Ceviche adapted from Stephan Pyles

It's getting warm here in TX now, and we now want chilled, light, flavorful dishes. Especially those that go well with summer drinks - spritzers, margaritas and the like. Also we needed to take a dish to Madame's faculty party yesterday evening. In hunting through various recip books, I came across a scallop ceviche in a Stephan Pyles cookbook. We messed with it a bit, since we didn't want to overpower with heat. However, being cinco de mayo yesterday, we did want to make sure it had some tex-mex-ness.
Ingredients (Makes 50 little tostadas)
3/4 lb sea scallops (preferably dry) - cut into 1/4 inch cubes
1/3 cup freshly squeezed lime juice
3T orange freshly squeezed orange juice
4 medium tomatillos - husk removed and finely chopped
2 cloves garlic - minced finely
1/2 cup finely chopped cilantro
1/2 serrano pepper - minced
6 green onions - white and light green finely chopped
2 avocados, peeled and sliced into 1/4" cubes
Cayenne seasoned salt - to taste
50 corn chip shells (we used "scoopers, white corn chips")
Method
Our method was a little unorthodox. We placed the scallops and 1/2 cup of the lime/orange juice juice into a chilled bowl and carried that mixture in the bowl in an insulated bag over an ice pack to the party. It was about a 45 minute drive. That's the perfect time for the scallops to "cook" in the citrus.

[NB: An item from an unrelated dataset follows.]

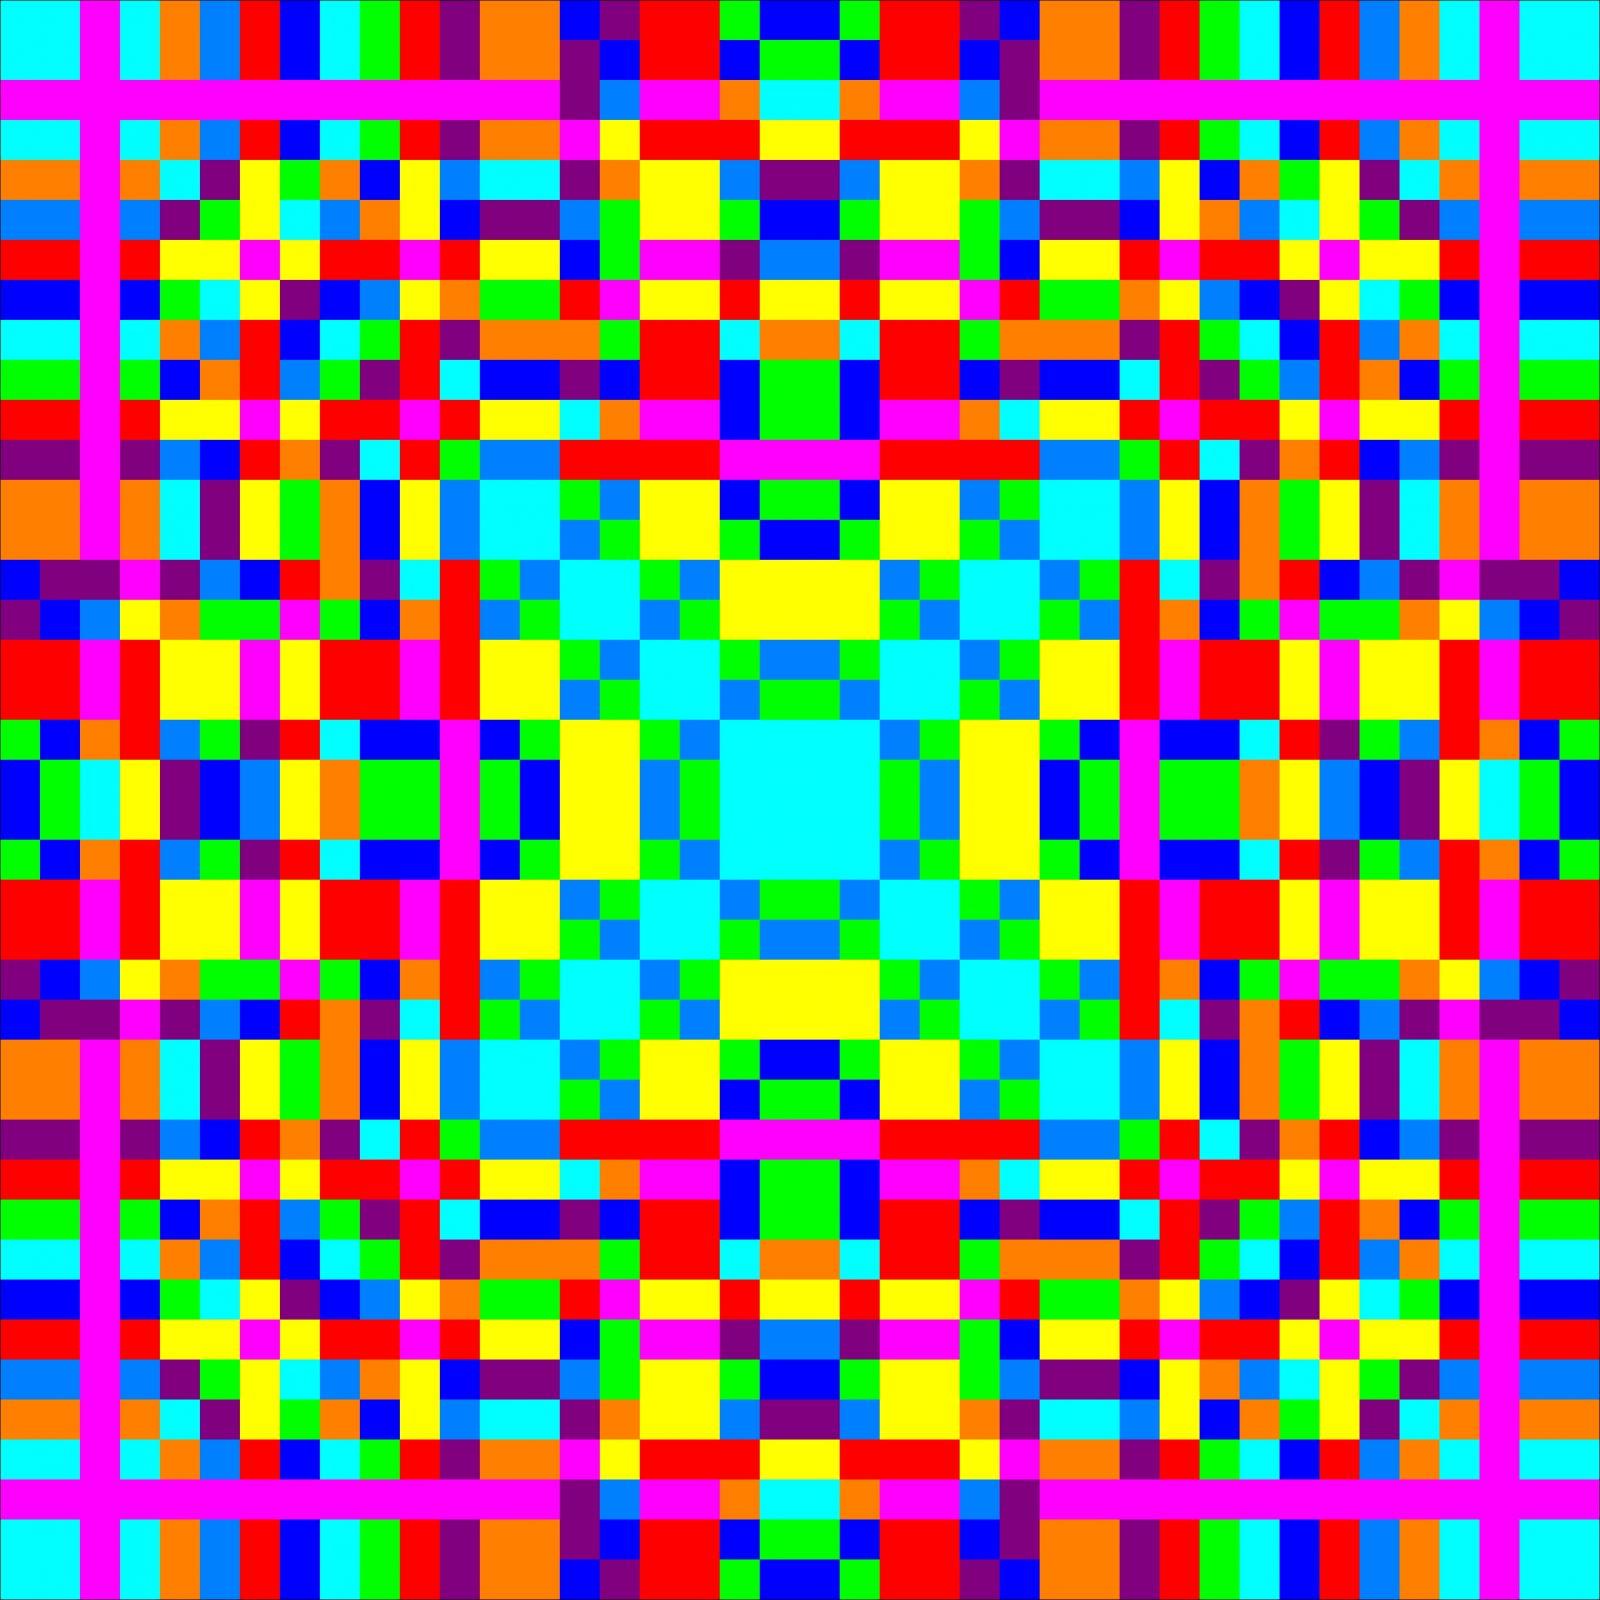 Lightbox — Модуль 3 программы МЕГАкоучинг (Big Picture Video Page)-41

The other ingredients (except for the corn chips!) were combined, and the remaining lime added to make sure the avocado would not brown. This mixture was placed in a separate bowl, also inside the insulated bag.
On arrival at the party, drain the liquid from the scallops. Gently mix the scallops into the other ingredients. Spoon the scallop mixture into the chips and serve immediately. Add a little seasoned salt at this stage if desired.
These go extremely well with margaritas, by the way!